Booker T. Washington sent Tuskegee graduates to Liberia, West Africa.
He even sent his personal envoy, Emmitt Scott, to discourage France from annexing Liberia, helping to preserve Liberia's independence.
Booker T. Washington was the first African American to have his image on a U.S. postage stamp, 1940.
In 1945, he was the first African American elected to the Hall of Fame, and in 1946, his image was placed on a U.S. Coin.
To the protests of some Democrats, Republican President Theodore Roosevelt had Booker T. Washington as an honored guest for dinner at the White House, October 16, 1901.
The Southern Democrat newspaper The Memphis Scimitar printed:
"The most damnable outrage which has ever been perpetrated by any citizen of the United States was committed yesterday by the President, when he invited a n----- to dine with him at the White House.
It would not be worth more than a passing notice if Theodore Roosevelt had sat down to dinner in his own home with a Pullman car porter, but Roosevelt the individual and Roosevelt the President are not to be viewed in the same light."
Widowed twice, his third wife outlived him.
He had one daughter, Portia, and two sons, Booker T. Washington Jr. and Ernest Davidson Washington.
When Booker T. Washington died on NOVEMBER 14, 1915, industrialist Andrew Carnegie stated:
"I mourn with you today as one who shares your sorrow.
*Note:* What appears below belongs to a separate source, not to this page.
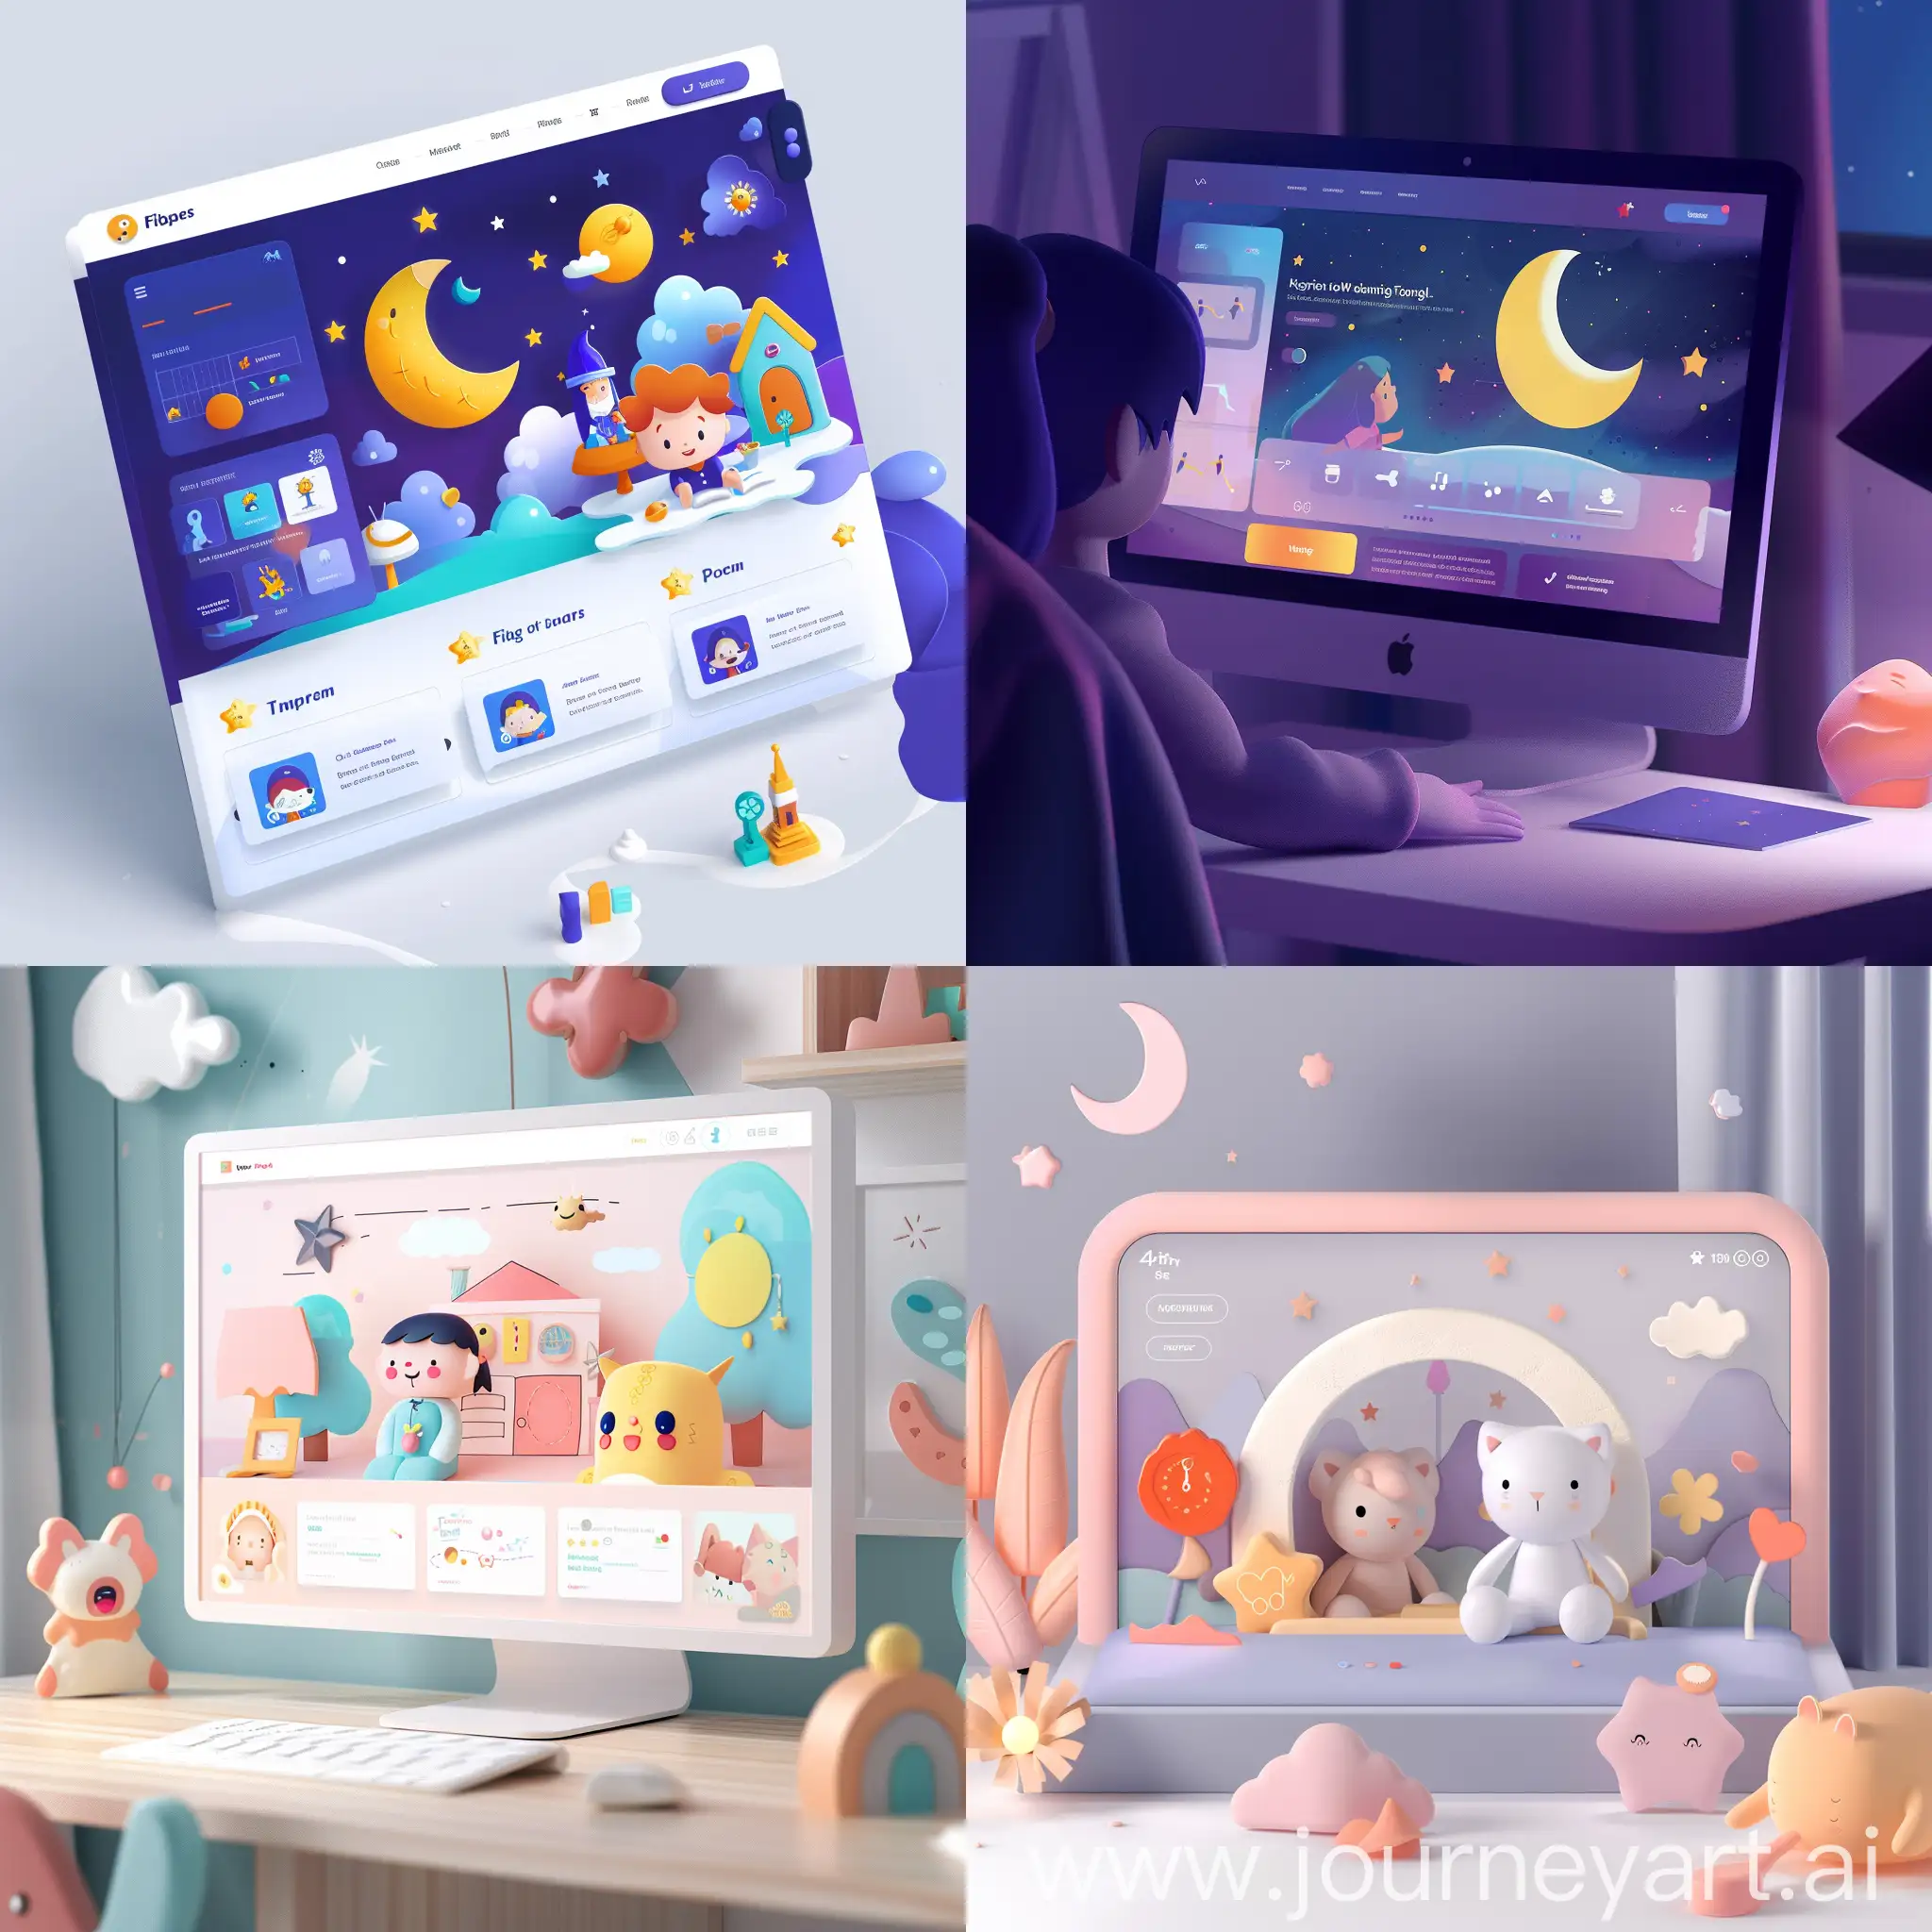 Childrens-Bedtime-Story-Website-Interface-in-High-Quality-4K-Resolution

America has lost one of her best and greatest citizens. History is to tell of two Washingtons.
One the leader of his country and the other the leader of his race."
After Booker T. Washington's death, Republican Vice-President Calvin Coolidge traveled to Tuskegee in 1923.
He met with Robert Russa Moton, who succeeded Booker T. Washington as the principal of Tuskegee Institute.
After becoming President of the United States, Calvin Coolidge received Robert Russa Moton at a meeting in the White House in 1924.
Robert Russa Moton went on to be an advisor to five U.S. Presidents.